Upload an image → watch the caption + blog appear → click Generate Audio to get an MP3.

8) Production & security notes

Keep secrets server‑side only; never expose API keys in the client
Add rate limiting (e.g. express-rate-limit) and basic auth or tokens on /api routes
Validate file types and size (shown above); consider virus scanning for public apps
Cache TTS results per post hash to avoid re‑billing
Consider the Responses API for future‑proof OpenAI calls; swap chat.completions when you’re ready

Troubleshooting

CORS in dev: use the Vite proxy as shown (don’t call http://localhost:6000 directly from the client)
Cloudinary caption is undefined: ensure the detection: 'captioning' add‑on is enabled for your account/plan
MP3 not found: verify public/ exists and the server has write permissions

Wrap‑up

You now have an image‑to‑blog pipeline with Cloudinary + OpenAI: caption → post → audio. Drop it into your content workflow to turn static visuals into dynamic marketing assets.

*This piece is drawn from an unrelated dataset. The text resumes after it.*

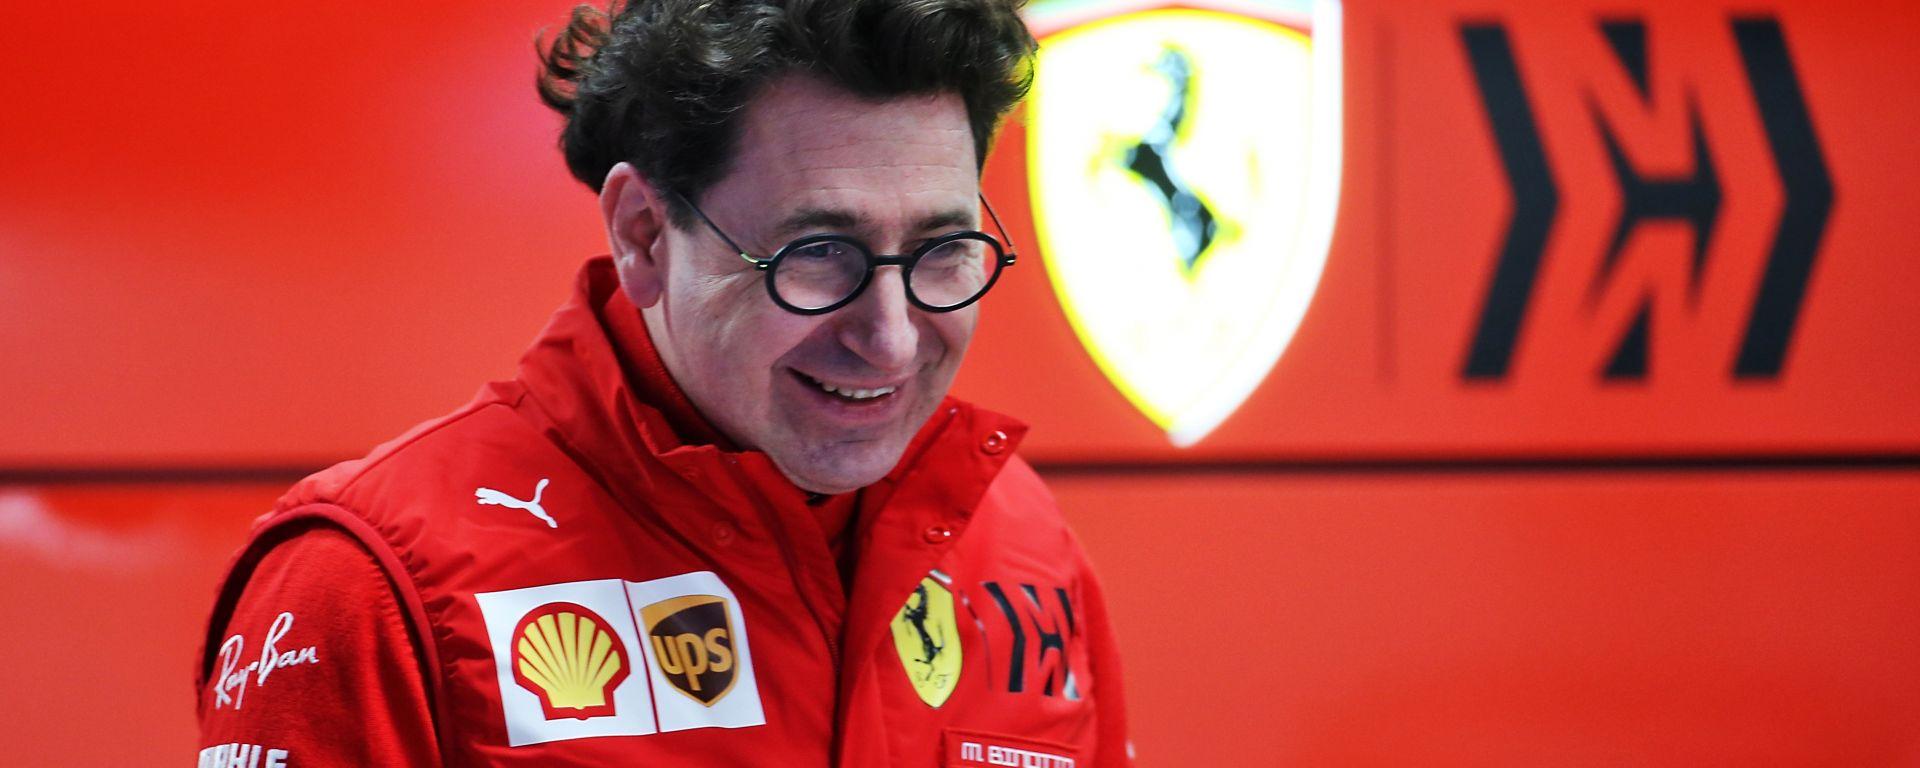 F1 Testing 2020: Mattia Binotto (Ferrari)
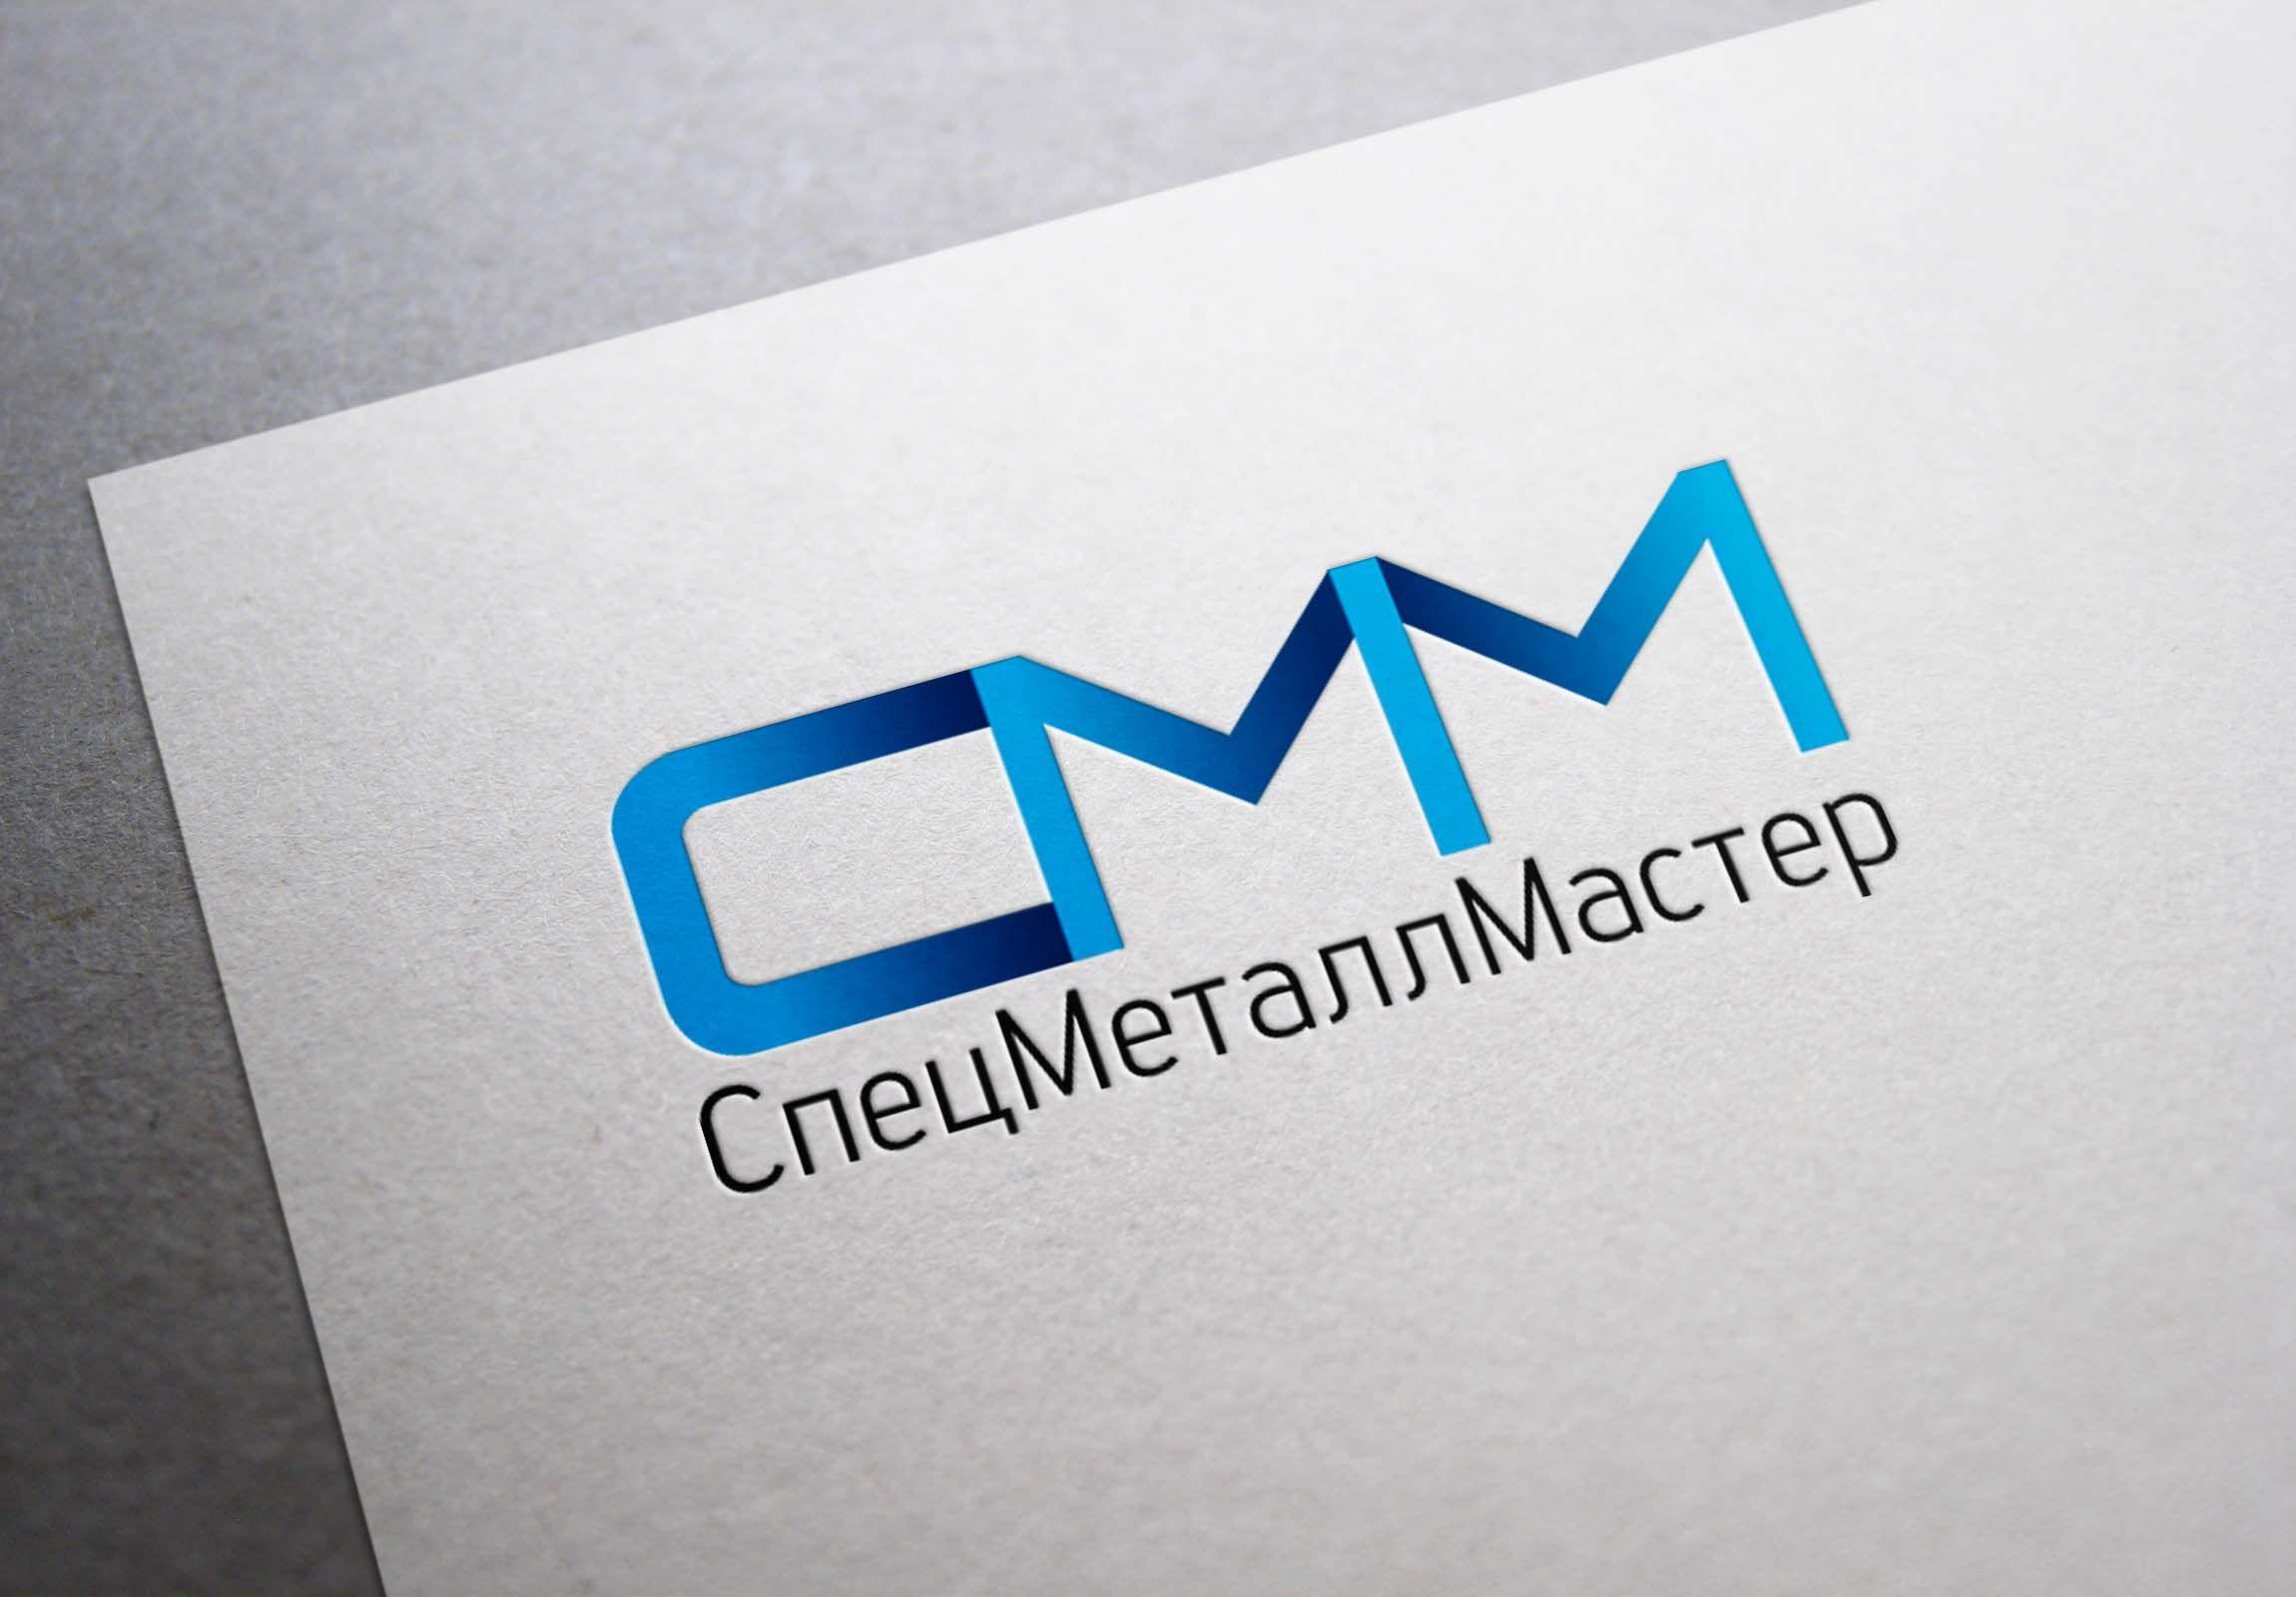 Логотип для металлургической компании - дизайнер rammulka

Repo suggestion: name it cloudinary-react-image-to-blog-ai. Add the README sections straight from this post and you’re set.

Resources

Cloudinary React SDK: @cloudinary/react, @cloudinary/url-gen
OpenAI Node SDK: openai
React Markdown: react-markdown
Dev proxy: Vite server.proxy

Top comments (1)

Cyber Safety Zone • Sep 8

This tutorial is such a clever and practical mashup—thank you for putting it together! Turning any image into a 300-word, vertical-aware blog post and offering narrated output? That’s a serious content-creation superpower.

A few things that really stood out:

"Image captioning via Cloudinary"is a smart and reliable starting point—leveraging existing AI tools to bootstrap the workflow.

The seamless "pipeline from image → caption → blog → TTS" is elegant and keeps the UX smooth for content teams.
Love how you included useful "production/security notes"—especially caching TTS results to save on API costs, rate limiting, and keeping secrets client-side only.

Thanks for leveling up our content tooling toolkit! Curious—have you explored adding *"multilingual blogging or voice support", or even letting users tweak tone/style parameters before final output?